Esto tiene varias implicaciones importantes:
- Disminuye broncoconstricción y disnea
- Reduce inflamación microvascular
- Atenúa activación mastocitaria secundaria
- No bloquea receptores cerebrales (a diferencia de montelukast)
En perfiles sensibles a efectos neuropsiquiátricos, Boswellia suele ser mejor tolerada que los antagonistas farmacológicos de leucotrienos.
5. Omega-3 (EPA/DHA): reducir el sustrato inflamatorio
Los omega-3 no actúan directamente sobre el mastocito, pero son fundamentales para:
- Reducir la disponibilidad de ácido araquidónico
- Desplazar la síntesis de eicosanoides hacia perfiles menos inflamatorios
- Favorecer la resolución de la inflamación
En MCAS crónico, los omega-3 funcionan como un tratamiento de fondo, no como rescate inmediato.
6. Vitamina C: apoyo clásico pero útil
La vitamina C puede:
- Reducir liberación de histamina
- Apoyar la degradación de mediadores inflamatorios
- Mejorar la tolerancia general en algunos pacientes
No suele ser suficiente por sí sola, pero puede ser un buen complemento, especialmente si existe déficit.
7. Otros suplementos con papel secundario
- Curcumina: modulador inflamatorio general, útil como apoyo
- Resveratrol: antioxidante con efecto antiinflamatorio leve
- Magnesio: puede reducir excitabilidad neuromuscular asociada a MCAS
Estos suplementos suelen ser más útiles como coadyuvantes que como tratamientos principales.
8. Cómo combinar suplementos en MCAS (enfoque racional)

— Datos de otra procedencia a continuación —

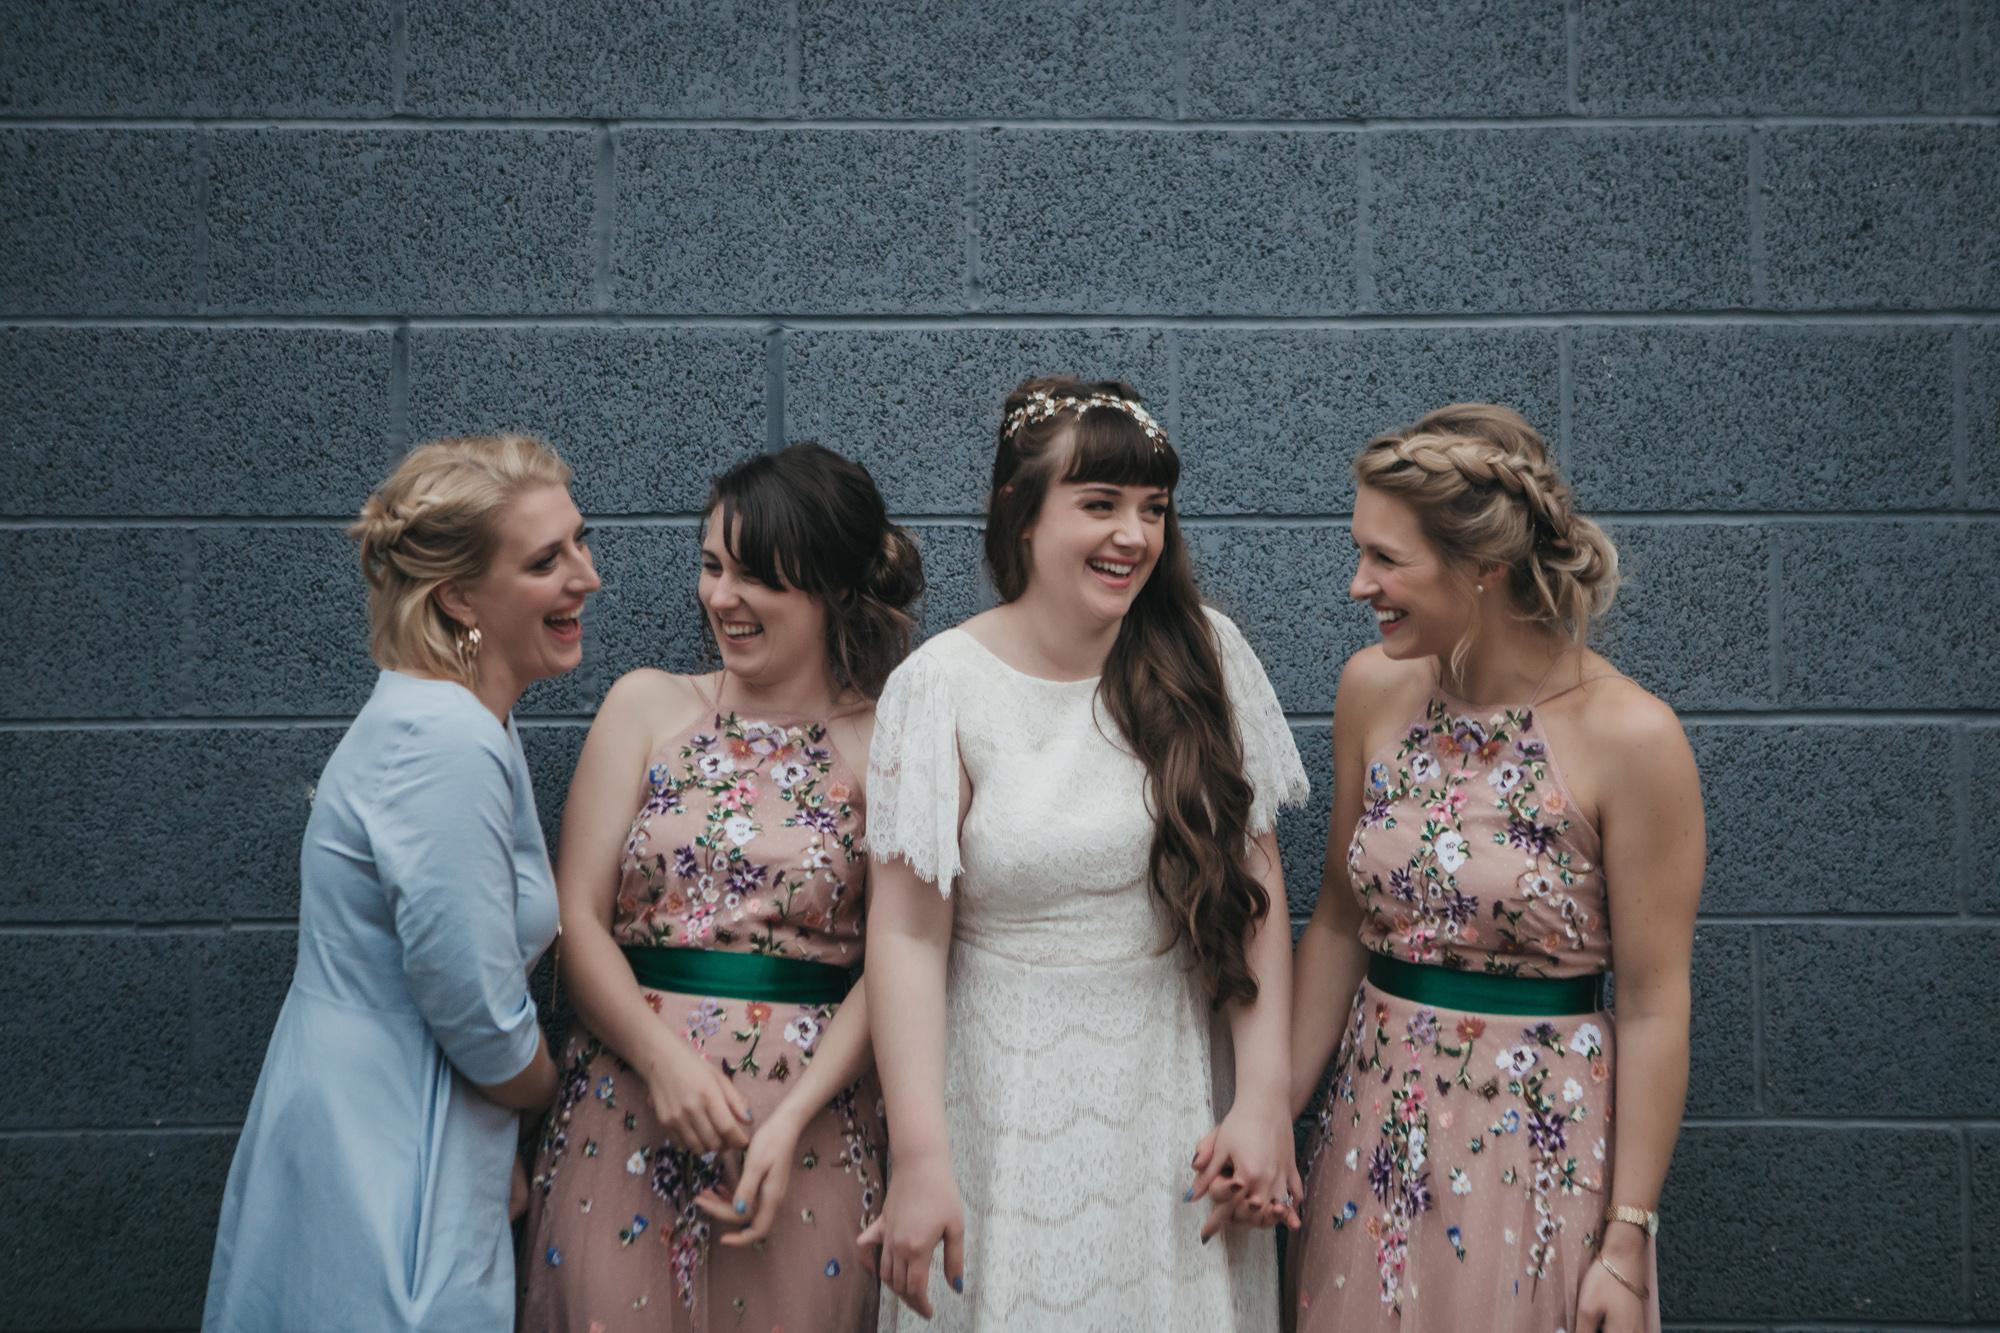 Kristy-Back-Garden-Outdoor-Wedding-Sheffield-Industrial-Warehouse-Wedding-Bohemian-Kate-Beaumont-Dahlia-Dress-49.jpg
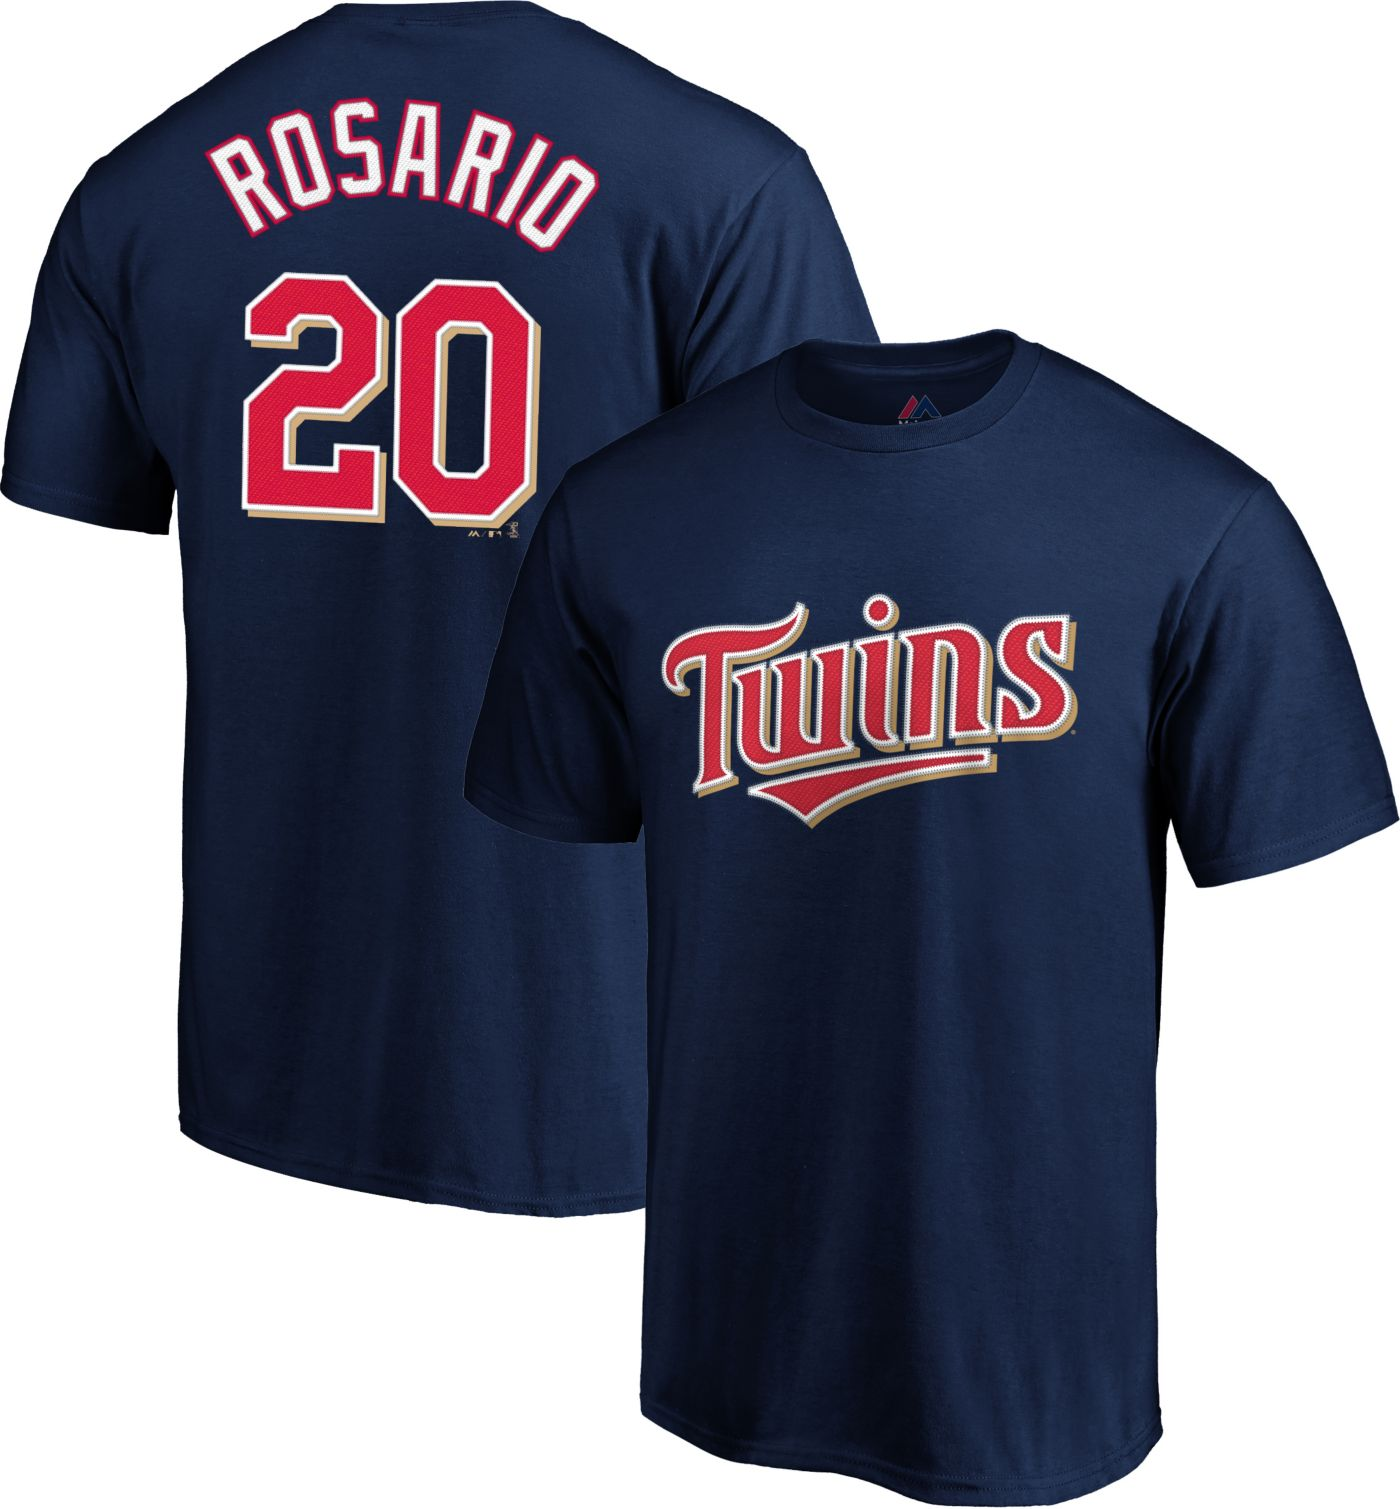 Majestic Youth Minnesota Twins Eddie Rosario #20 Navy T-Shirt

En MCAS secundario a EM/SFC o covid persistente, suele funcionar mejor una estrategia por capas:
- Quercetina → estabilización mastocitaria periférica
- Luteolina → MCAS neuroinflamatorio
- Boswellia → reducción de leucotrienos
- Omega-3 → resolución inflamatoria a medio plazo
No es necesario usar todos a la vez. La clave es identificar qué vía predomina en cada persona.
9. Conclusión
El MCAS no es un problema único ni homogéneo. En muchos casos, especialmente en enfermedades post-infecciosas, es un fenómeno neuroinmune y secundario.
Los suplementos pueden ser herramientas muy útiles si se utilizan con criterio fisiopatológico:
- No bloquear de forma brusca
- Reducir producción de mediadores clave
- Estabilizar mastocitos y microglía
Boswellia, luteolina y quercetina forman un núcleo lógico para muchos pacientes, siempre ajustado a la tolerancia individual.